*** Data segment

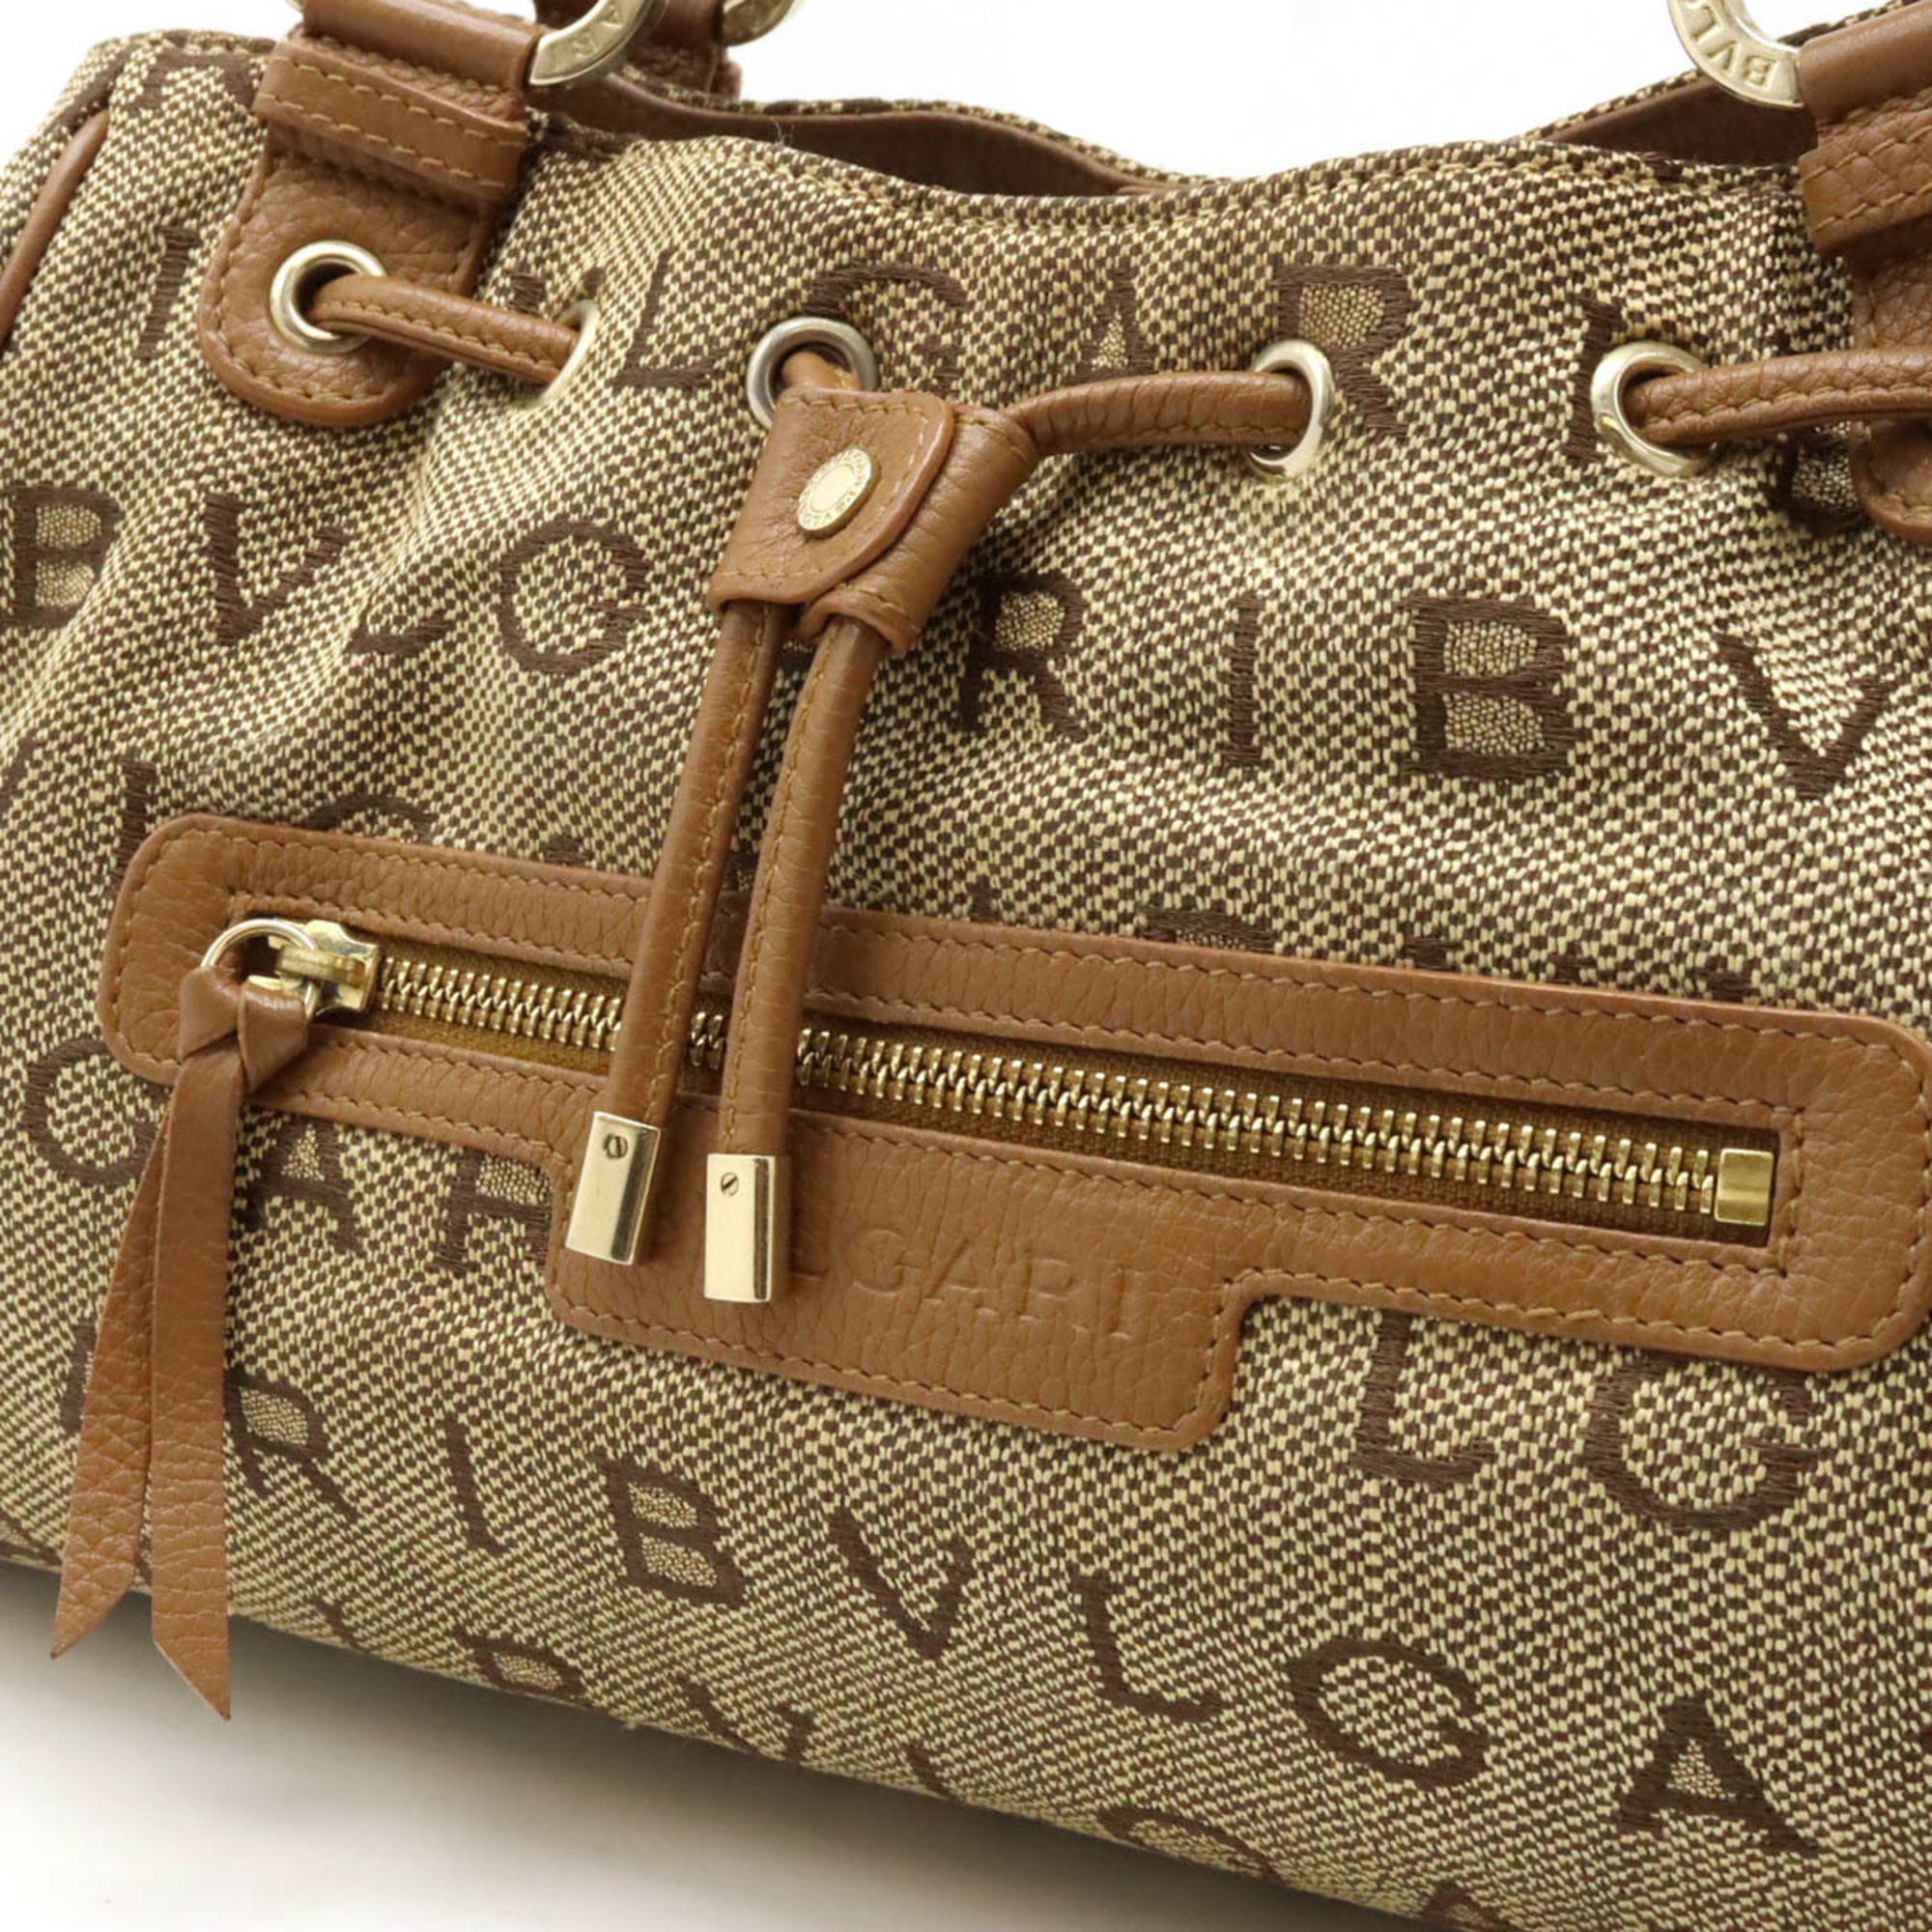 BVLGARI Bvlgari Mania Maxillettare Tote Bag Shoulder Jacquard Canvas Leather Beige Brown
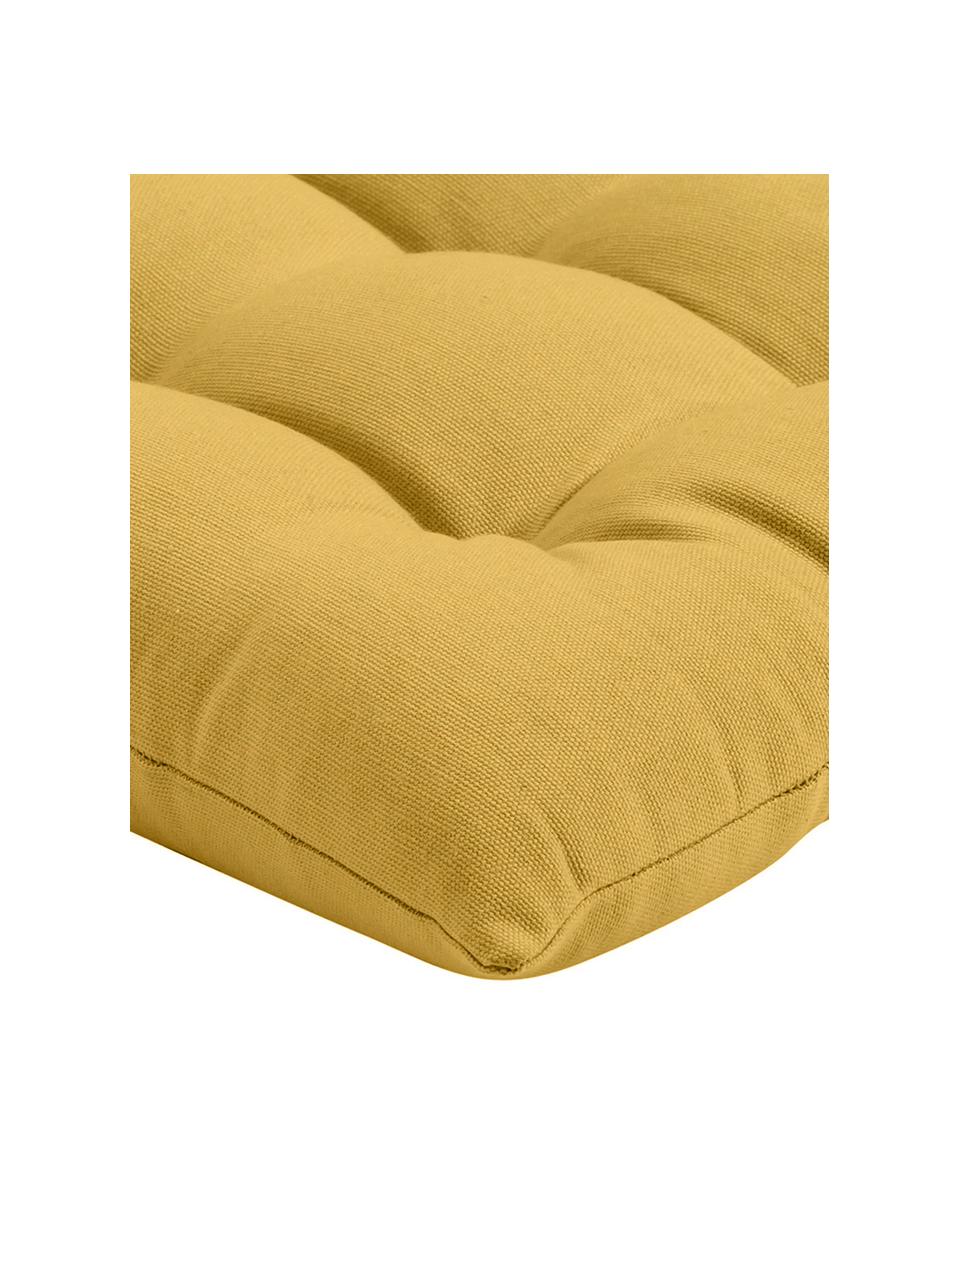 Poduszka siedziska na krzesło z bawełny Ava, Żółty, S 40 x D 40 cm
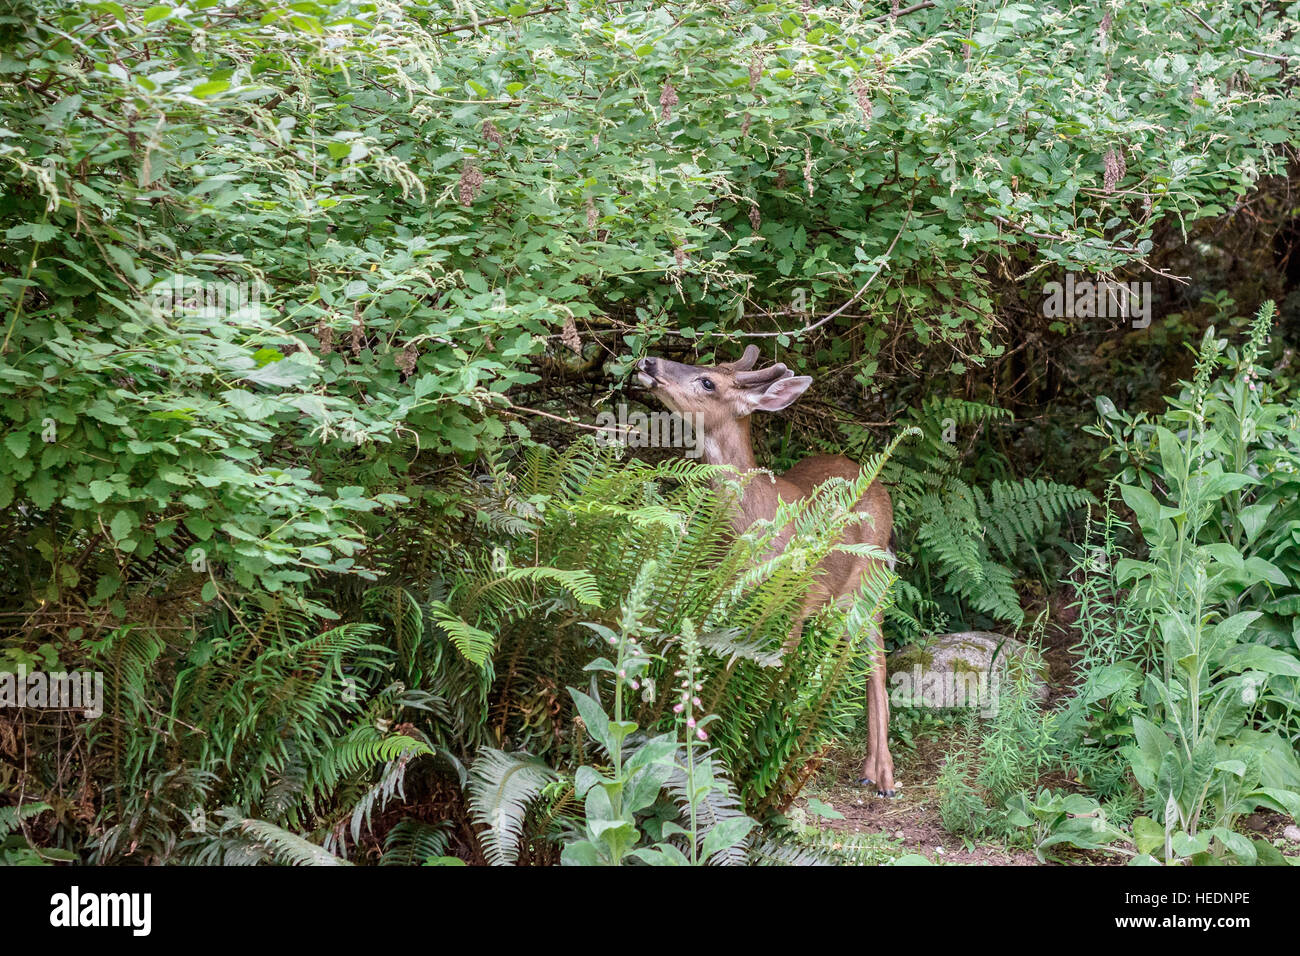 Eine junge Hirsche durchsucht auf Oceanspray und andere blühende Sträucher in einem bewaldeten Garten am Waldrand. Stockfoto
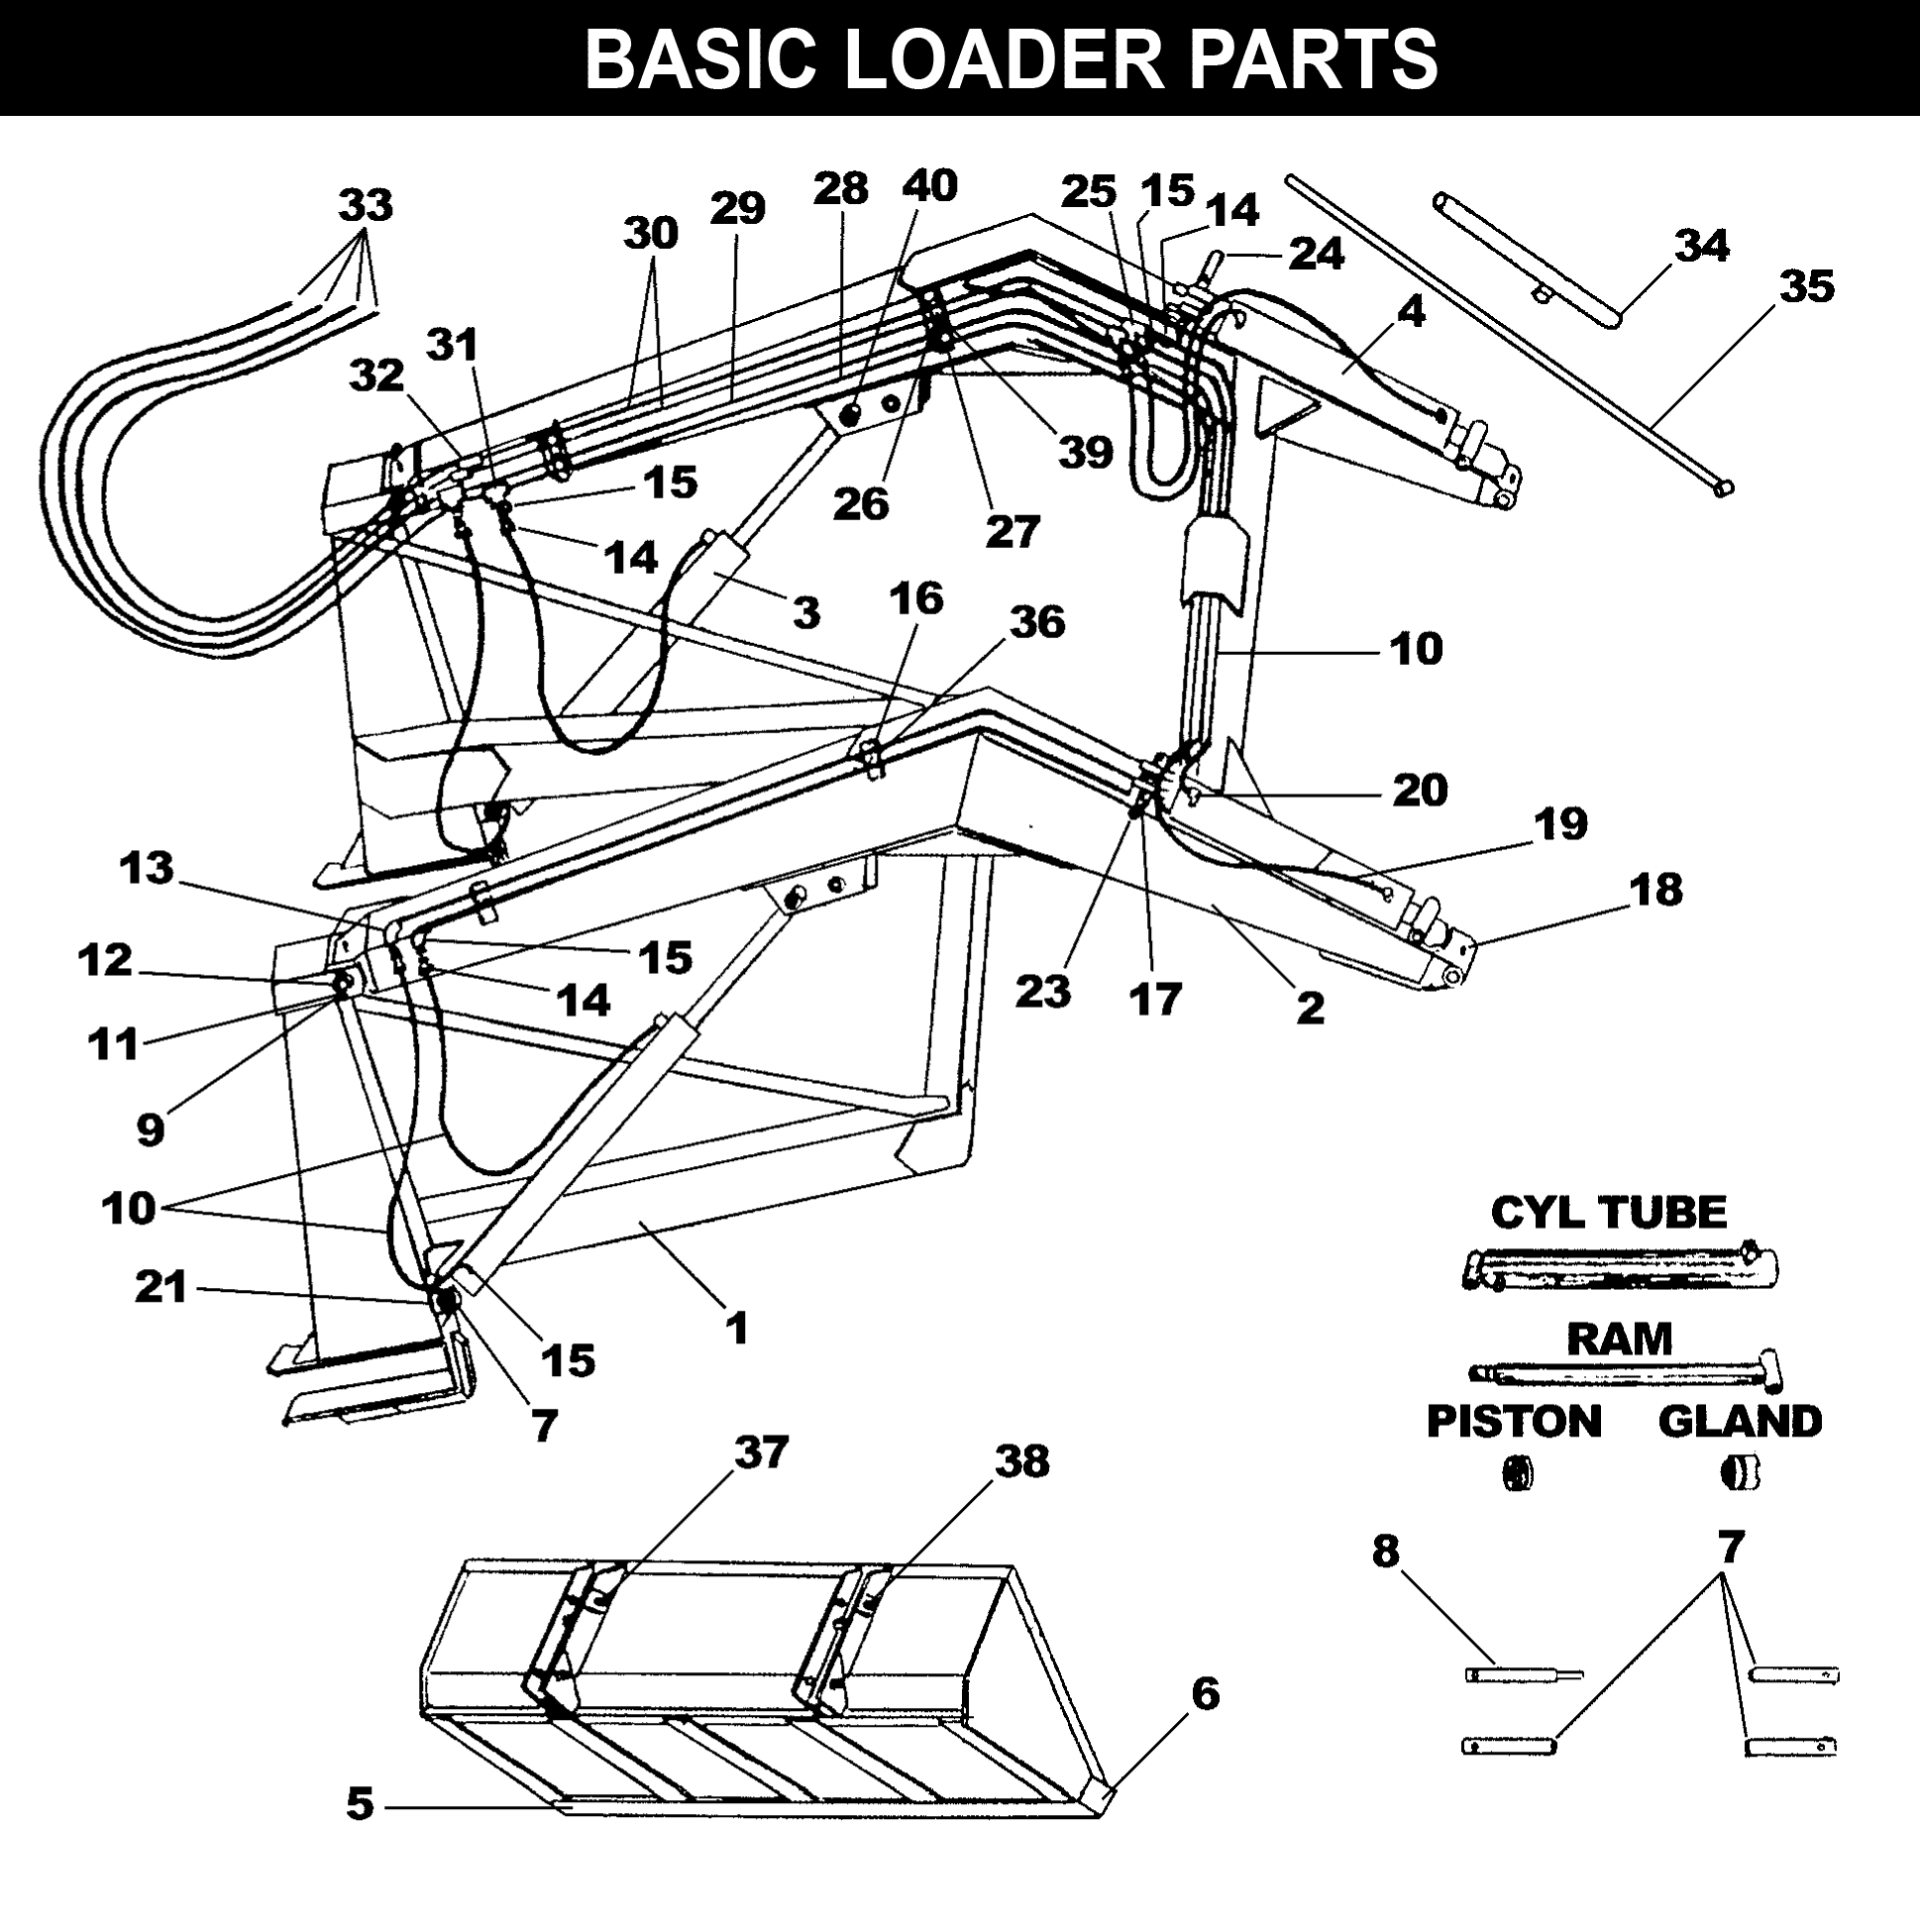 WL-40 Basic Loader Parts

******

■ Task brief
A word-for-word repeat of the lines from the line with "Eine junge Hirsche" to the last line of the data, both ends included and pictures left out, is all that should appear.

■ Response for this exercise
 Eine junge Hirsche durchsucht auf Oceanspray und andere blühende Sträucher in einem bewaldeten Garten am Waldrand. Stockfoto
 WL-40 Basic Loader Parts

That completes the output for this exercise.